_Your instructions_. Start at the first line below and write out everything verbatim except the pictures.

_Input data_.
- Opening Delimiter -
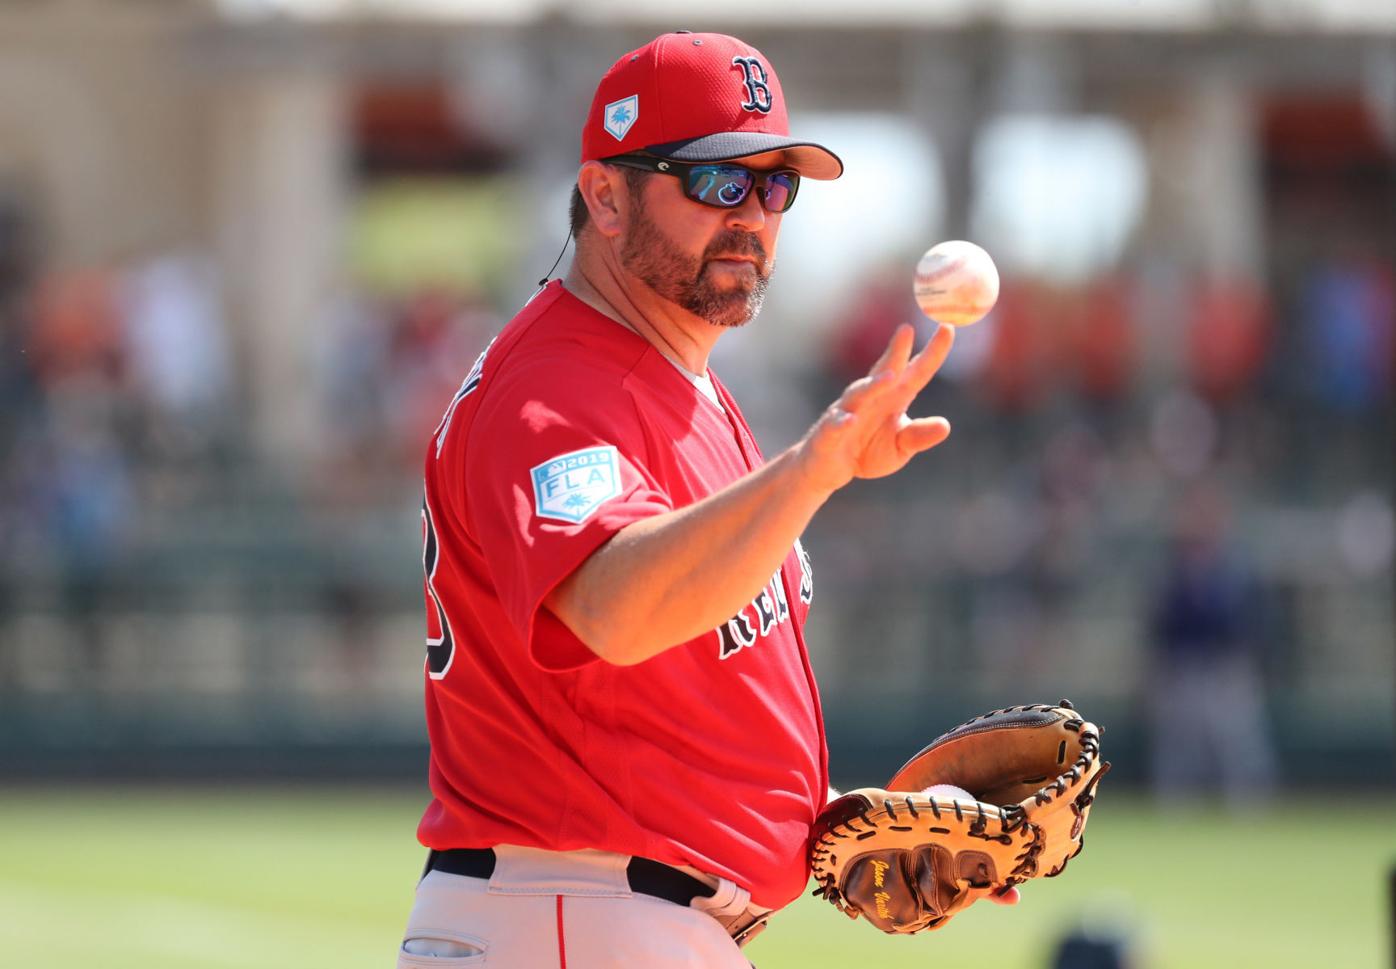 Home Team: Behind the plate with Catherine and Jason Varitek
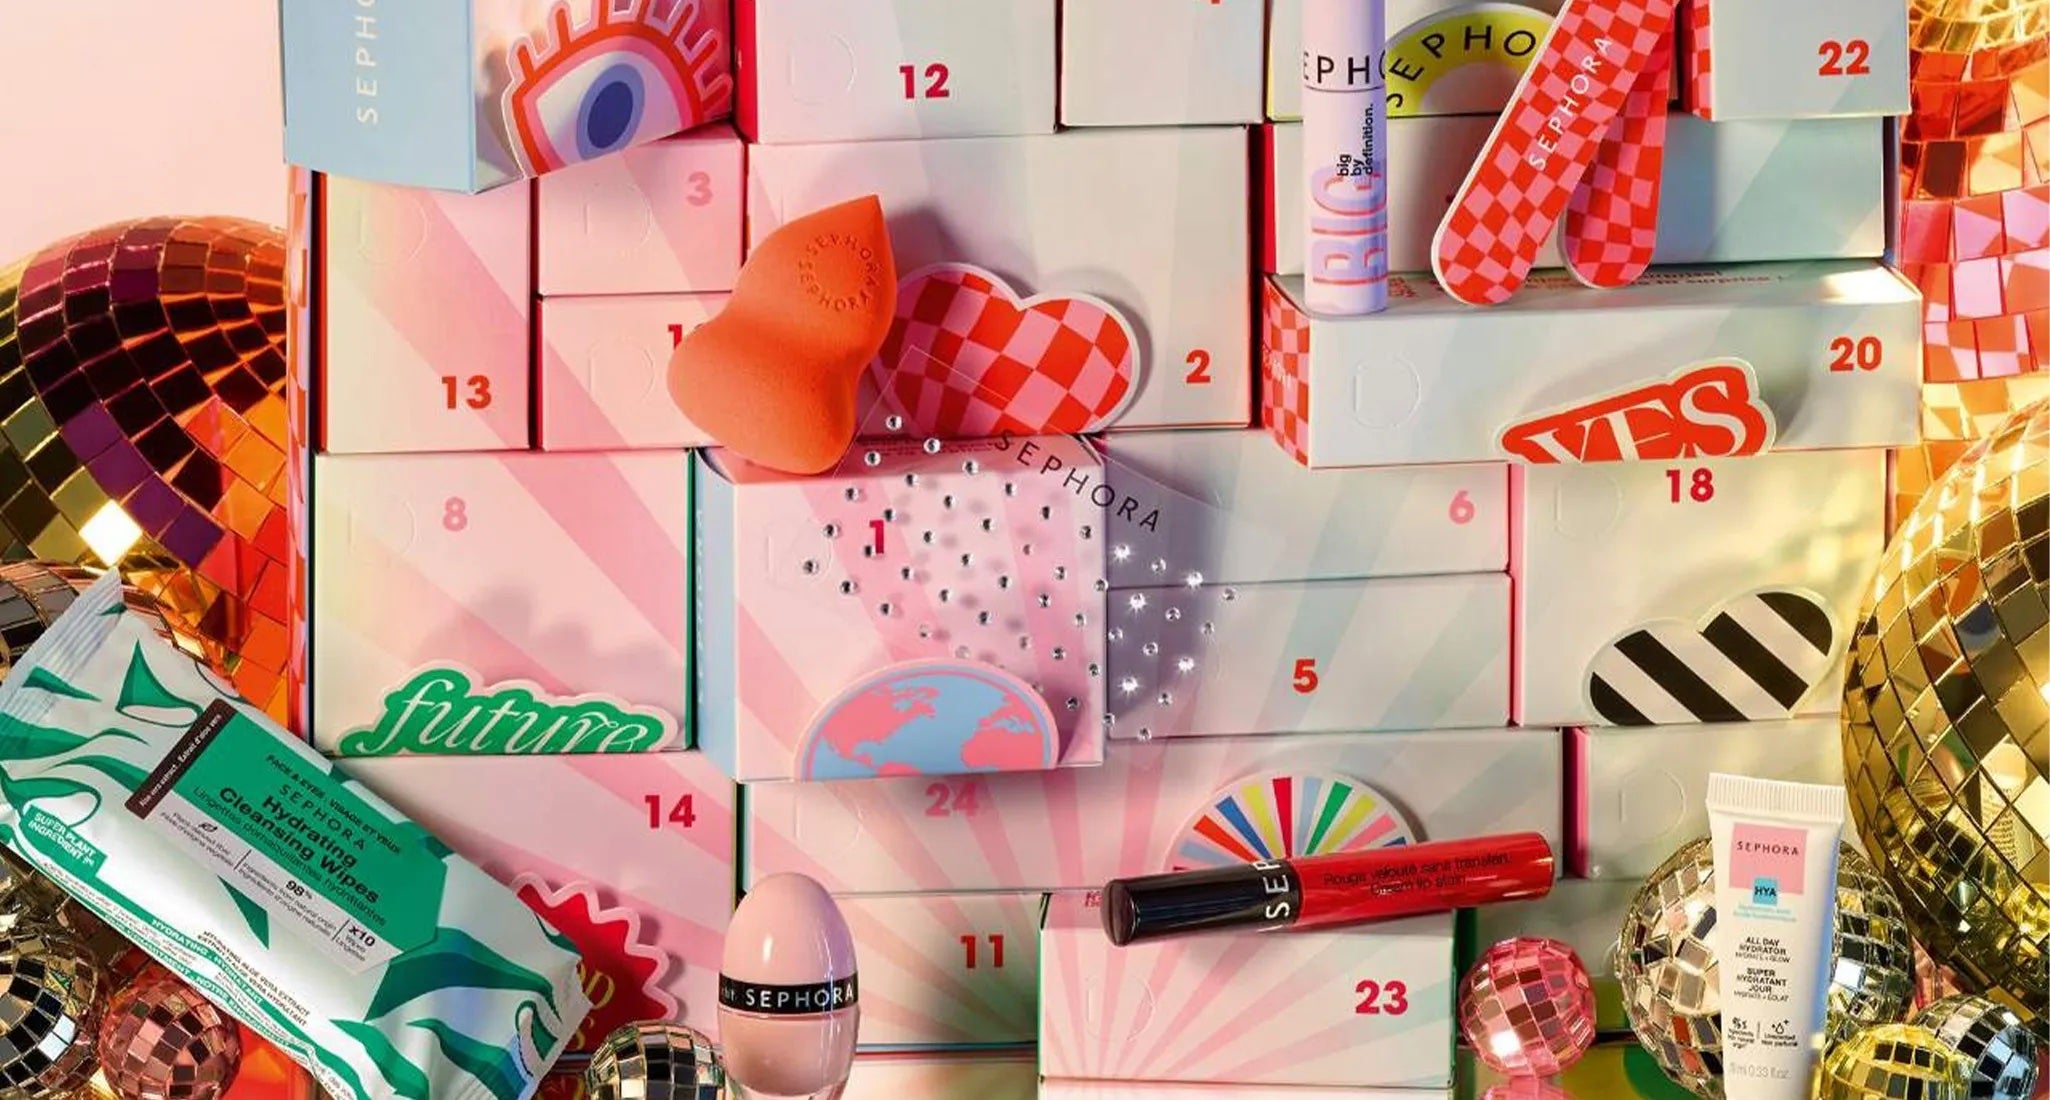 Chanel SOLD OUT EVERYWHERE 2021 Advent Calendar with 27 Gifts
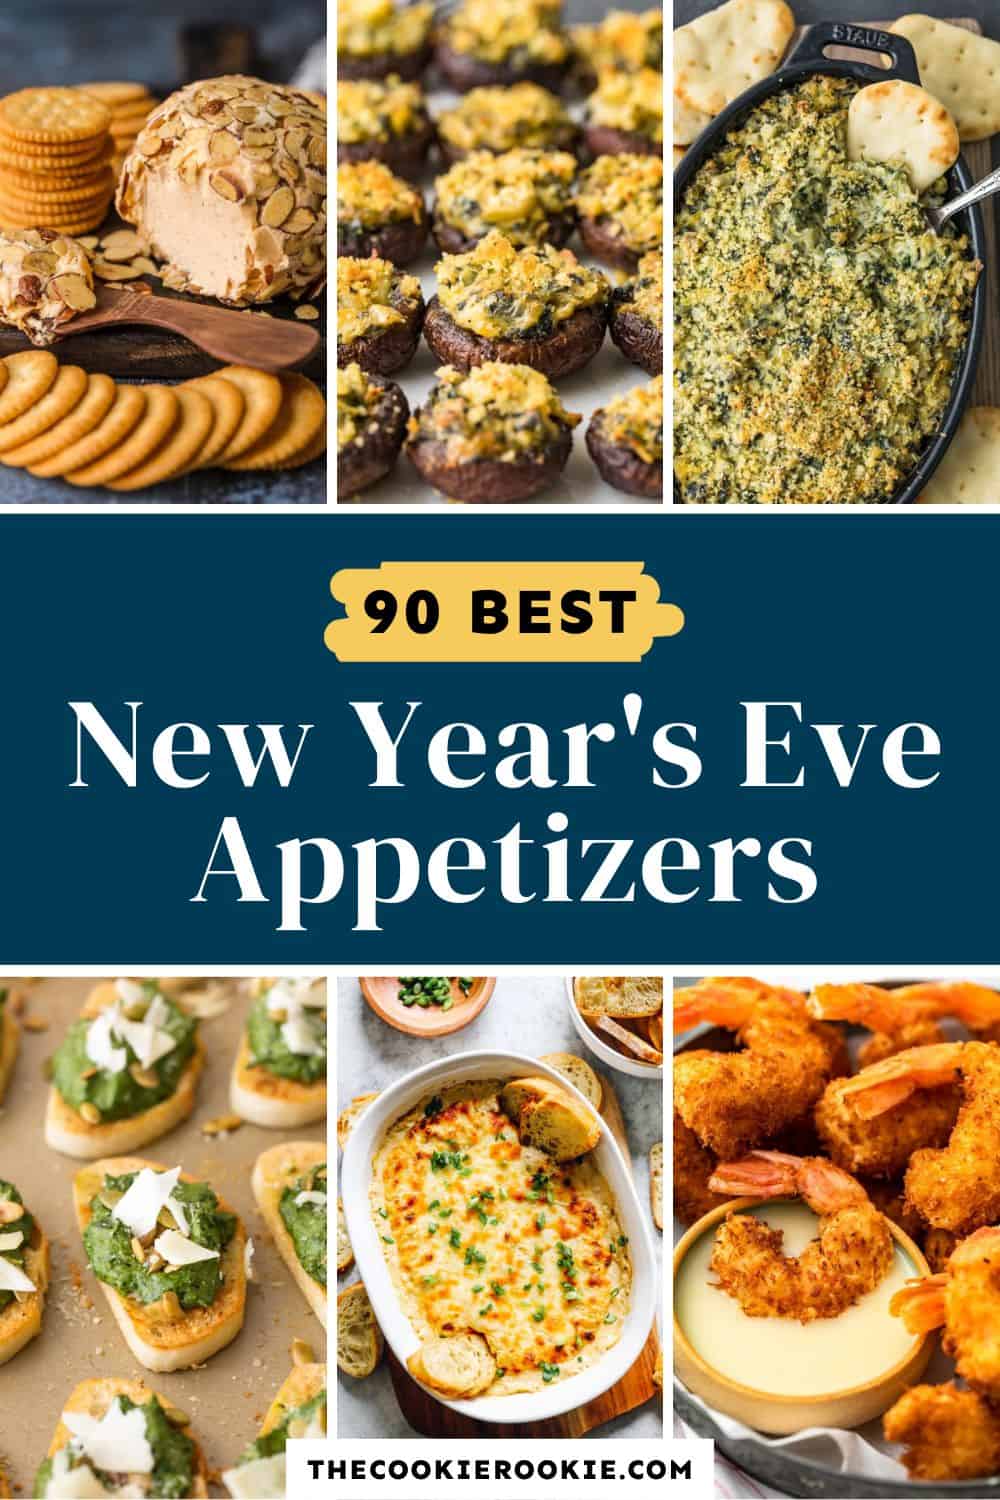 90 best New Year's Eve appetizers Pinterest
- Closing Delimiter -
_Output_.
 Home Team: Behind the plate with Catherine and Jason Varitek
 Chanel SOLD OUT EVERYWHERE 2021 Advent Calendar with 27 Gifts
 90 best New Year's Eve appetizers Pinterest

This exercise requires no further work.